Now you are free to define your own descriptions:

In [4]:
descriptions = {
  # the keys are class labels
  'neg': [
    " All in all, the movie was a / terrible failure",
    " I would give it / zero of 10",
    " All in all, the screenplay is / poorly written",
    " I think the actors / played awful"
  ],
  'pos': [
    " All in all, the movie was a / masterpiece",
    " I would give it / 10 stars of 10",
    " All in all, the screenplay is / very well written",
    " I think the actors / should win the award"
  ]
}

Now we are ready to instantiate a `FewgenClassifier`:

In [5]:
from fewgen.classifier import FewgenClassifier

classifier = FewgenClassifier(descriptions=descriptions, 
                              language_model=language_model,
                              tokenizer=tokenizer)

To train our classifier, we need a dataset. It is supposed to be a (huggingface) `datasets.Dataset` instance, including two fields:
* the `text` field, our input text
* the `label` field, with values matching one of our defined `descriptions.keys()`

Our `prepare_dataset` function, makes few-shot experiments easier, but you can create your own dataset in any way possible.

In [6]:
from fewgen.dataset import prepare_dataset

dataset_params = {
    'dataset_name': 'glue/sst2',
    'shuffle': True, 
    'shuffle_seed': 120,
    'train_ex_per_class': 16,
    'test_ex_per_class': 128,
    'test_split_name': 'validation',
  }

trainset, testset = prepare_dataset(**dataset_params)
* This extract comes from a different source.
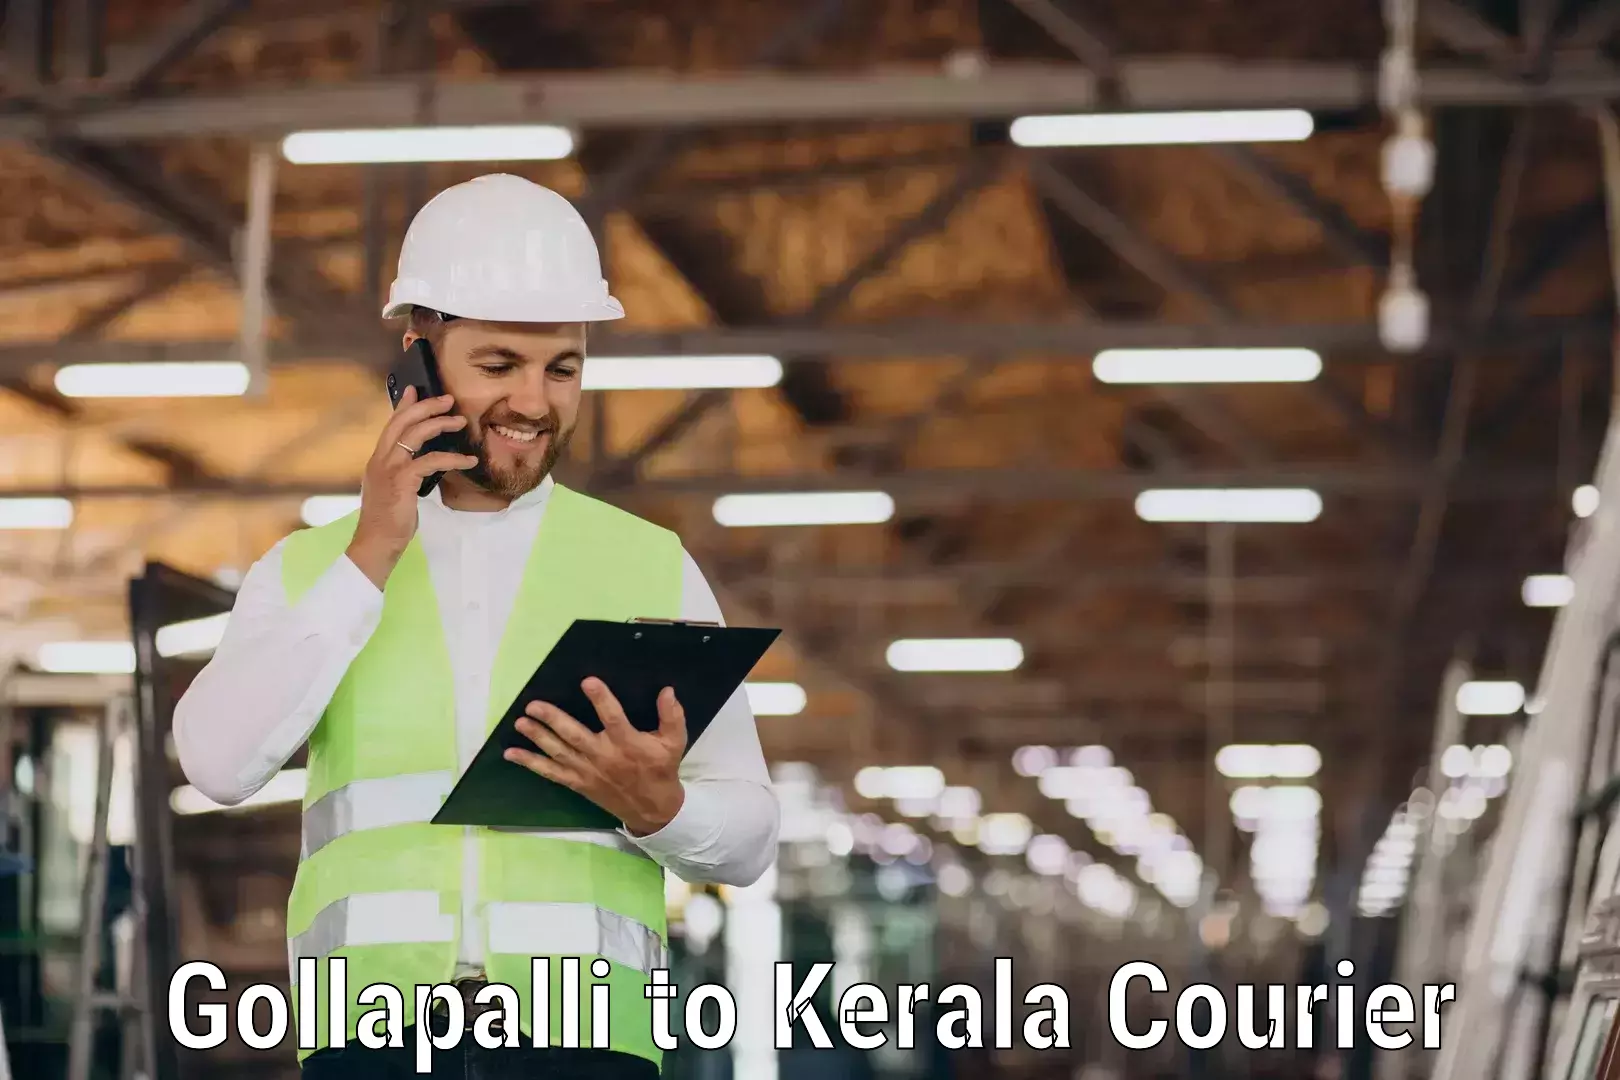 Reliable delivery network Gollapalli to Nallepilly

# converting integer labels to human readable strings
labels = classifier.labels

def i2label(example):
  example['label'] = labels[example['label']]
  return example

trainset = trainset.map(i2label)
testset = testset.map(i2label)
clear_output()

It is time to train our model on the small fewshot trainset.

Without finetuning language model, the training means fitting a linear model on description scores (as high-level features).

In [7]:
classifier.train(trainset, finetune_lm=False)
classifier.test(testset)

  0%|          | 0/32 [00:00<?, ?it/s]

INFO:root:train accuracy: 96.9%
INFO:root:train f-score: 96.9%


  0%|          | 0/256 [00:00<?, ?it/s]

INFO:root:test accuracy: 85.5%
INFO:root:test f-score: 85.5%


{'test_acc': 0.85546875, 'test_f1': 0.855360605921786}

And we have the option to finetune language model and get better results.
> **We recommend you to skip the following code cell and play with the frozen-LM classifier first.
Then you can come back, finetune and see the differences...**

In [8]:
# classifier.train(trainset, finetune_lm=True, finetune_args=dict(epochs=3))
# classifier.test(testset)

# Check model predictions

We have a traind classifier and we are going to watch it in action:

In [9]:
#@title classify input text
text = "I would not recommend it to anyone." #@param {type:"string"}

probs = classifier.predict_proba(text)[0]
pred = classifier.classify(text)

clear_output()
print(f'prediction: {pred[0]}\n')
for label, prob in zip(classifier.labels, probs):
  print(f'{label}:\t{prob:.1%}')

prediction: neg

neg:	89.1%
pos:	10.9%


One of the benefits of prompt-based methods (most of them), is their **interpretability**. As the prompt and the answers are humanly understandable, we expect to understand how the model decides (in some levels)!

Here we can check how prepending the input text to a description, changes the probability of answer words (and th conditional perplexity). 
> <font color="LimeGreen"> **Green** </font> means the probability has increased after adding the input text.

In [10]:
#@title probability change of answer words
text = "I would not recommend it to anyone." #@param {type:"string"}
from fewgen.explain import show_prob_changes

for desc in classifier.descriptions:
  viz = show_prob_changes(classifier.lm, classifier.tokenizer, desc, text)
  display(HTML(viz))

What do you see? Does the language model think(!) as you expected?!